-------- Provided data

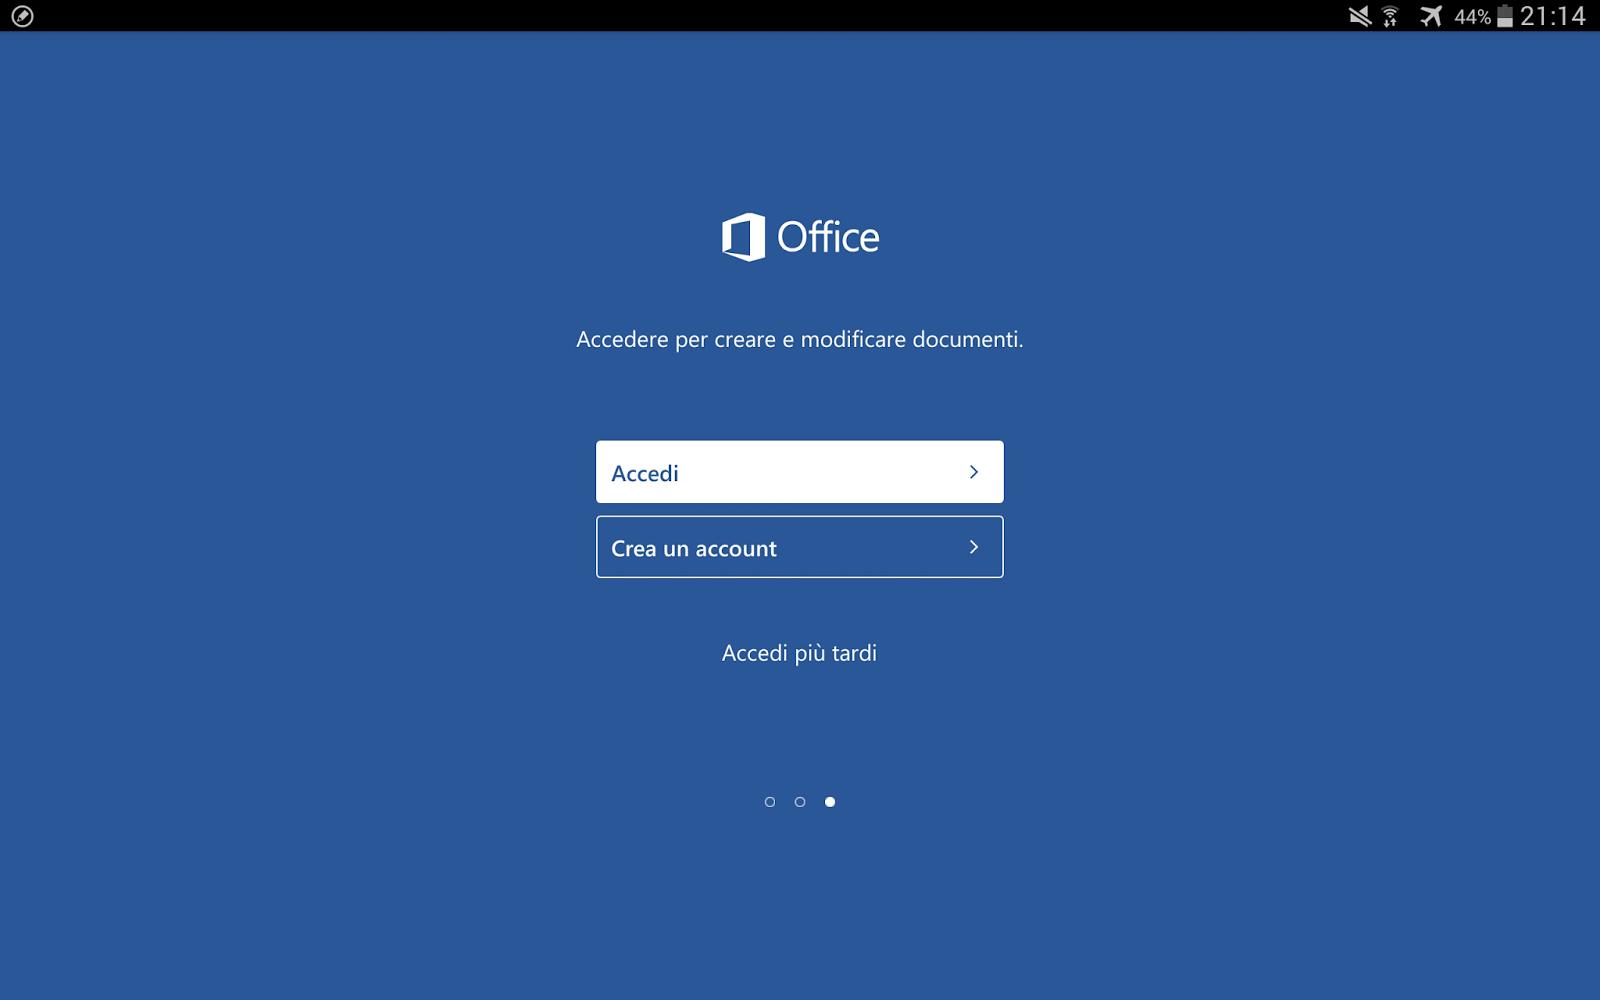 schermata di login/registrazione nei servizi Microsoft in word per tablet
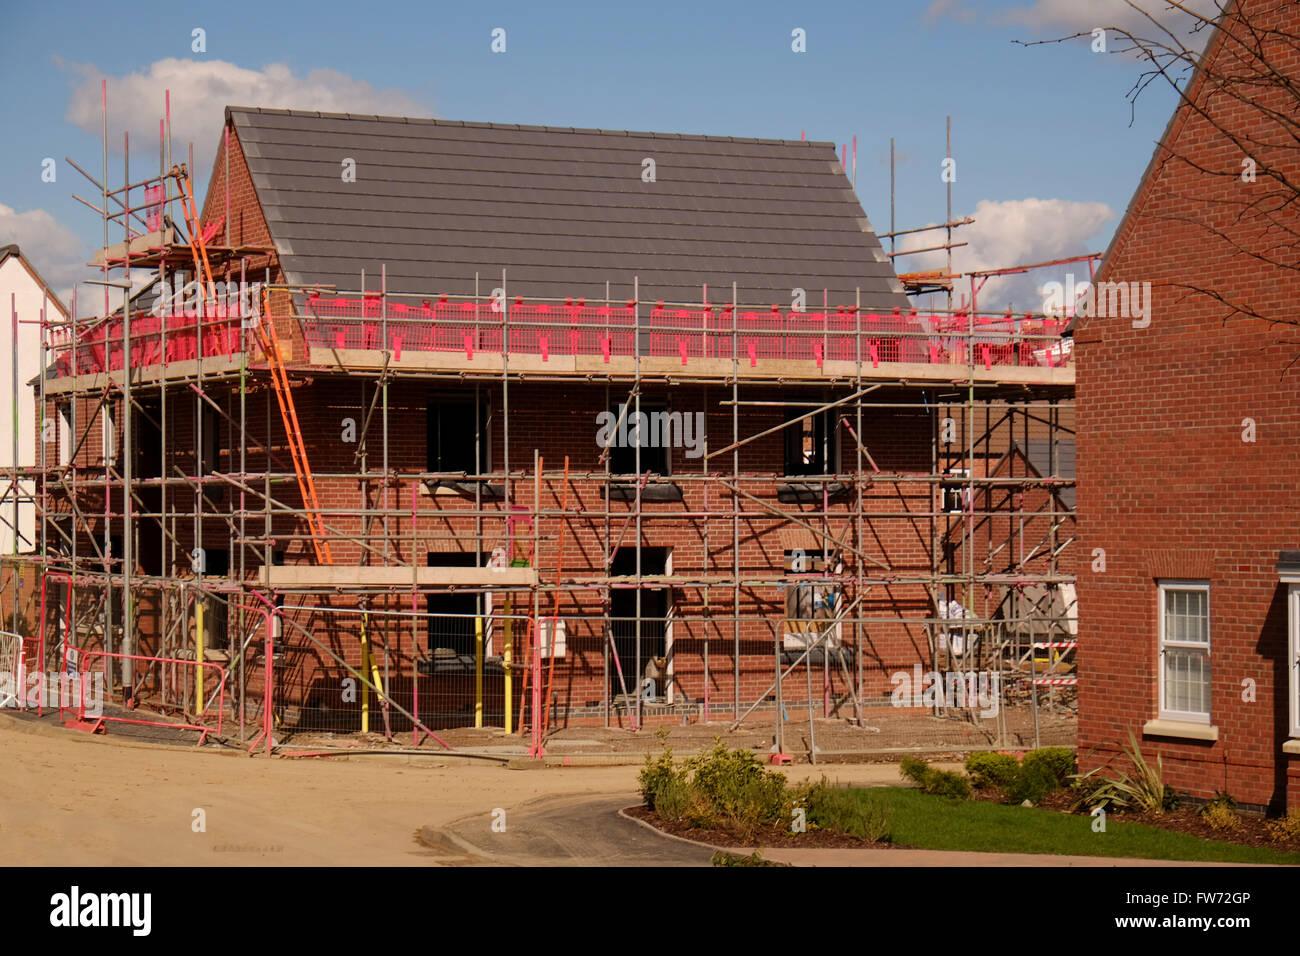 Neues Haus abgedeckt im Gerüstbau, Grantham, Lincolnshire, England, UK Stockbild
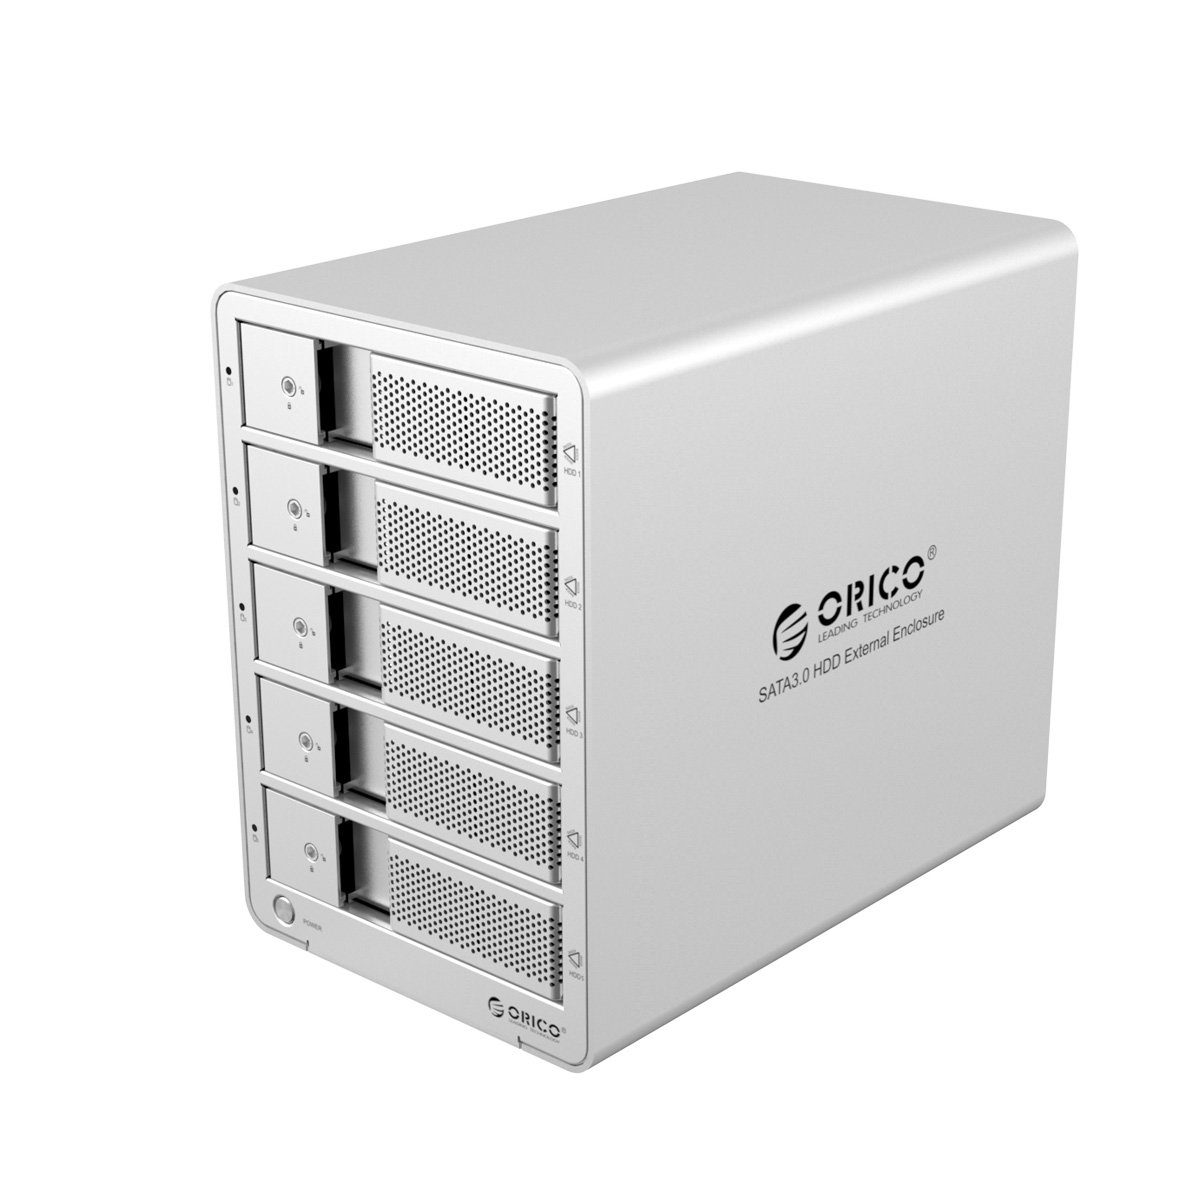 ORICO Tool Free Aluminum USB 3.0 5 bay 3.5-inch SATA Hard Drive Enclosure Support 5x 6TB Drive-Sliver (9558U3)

----------------

Directions for this task => Working from the material above, transcribe it exactly while omitting pictures.

Answer section =>
 schermata di login/registrazione nei servizi Microsoft in word per tablet
 Neues Haus abgedeckt im Gerüstbau, Grantham, Lincolnshire, England, UK Stockbild
 ORICO Tool Free Aluminum USB 3.0 5 bay 3.5-inch SATA Hard Drive Enclosure Support 5x 6TB Drive-Sliver (9558U3)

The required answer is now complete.